Gerald Boyd, Former N.Y. Times Editor; Resigned Over Jayson Blair Controversy

By Dan Morse and Sandhya Somashekhar
Washington Post Staff Writer
Friday, November 24, 2006

Gerald M. Boyd, a former managing editor at the New York Times who was forced to resign following a plagiarism scandal in 2003, died yesterday Nov. 23 of lung cancer. He was 56.

Mr. Boyd joined the Times in 1983 after serving as White House correspondent for the St. Louis Post-Dispatch and in 2001 became the paper's first black managing editor.

But his career at the paper was halted after Jayson Blair, then a young reporter for the Times, was found to have plagiarized and fabricated numerous stories, leading to a newsroom revolt against Executive Editor Howell Raines and Boyd. Raines had appointed Boyd as his deputy, and the two resigned together.

Mr.
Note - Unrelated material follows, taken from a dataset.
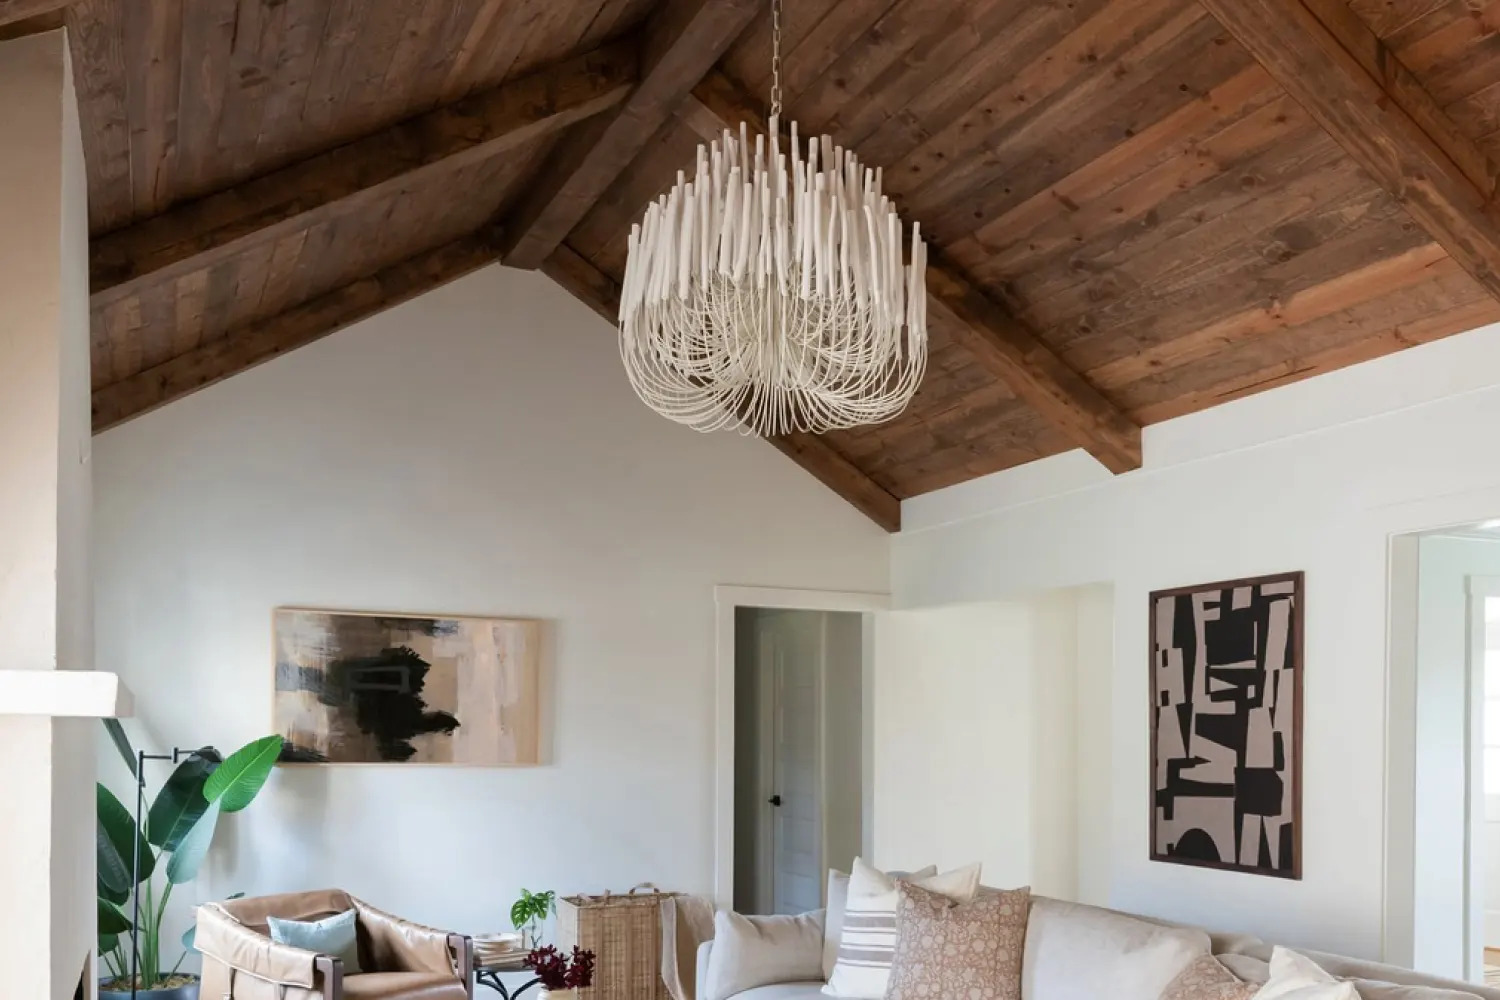 How Low To Hang A Chandelier In The Living Room

Boyd's lung cancer was diagnosed in February, and he was sick for most of the year, the Associated Press reported. He died at his home, his wife, Robin Stone, said.

"He was my hero," said Stone, an author and former editor. "To me, he stood for everything that every journalist should stand for. That is truth and fairness and everything we learned" in journalism school -- "doing everything we can to get it right."

Mr. Boyd died after what Times Executive Editor Bill Keller described in an e-mail to staff as a "very private battle" with lung cancer. "He was one of us," Keller wrote.

In an obituary posted last night on its Web site, the Times credited Boyd with leading coverage that won the paper three Pulitzer Prizes: for articles about the 1993 World Trade Center bombing, for a series on children of poverty and for a series on race relations in the United States.

Since leaving the Times, Boyd wrote a column for Universal Press Syndicate, put together a virtual journalism program for Columbia University, consulted for a chain of Canadian newspapers and worked on his memoirs.

Boyd and his wife also lent their name to a $2,500 National Association of Black Journalists scholarship for journalism majors.

Despite his considerable accomplishments, Boyd will forever be associated with the Blair scandal. Blair had faked stories from Maryland, West Virginia, Ohio and Texas without ever leaving New York, using a cellphone and laptop computer to disguise his whereabouts. Raines's handling of the matter and his bruising management style irked some staff members. Mr. Boyd was seen by people in the Times newsroom as linked to Raines.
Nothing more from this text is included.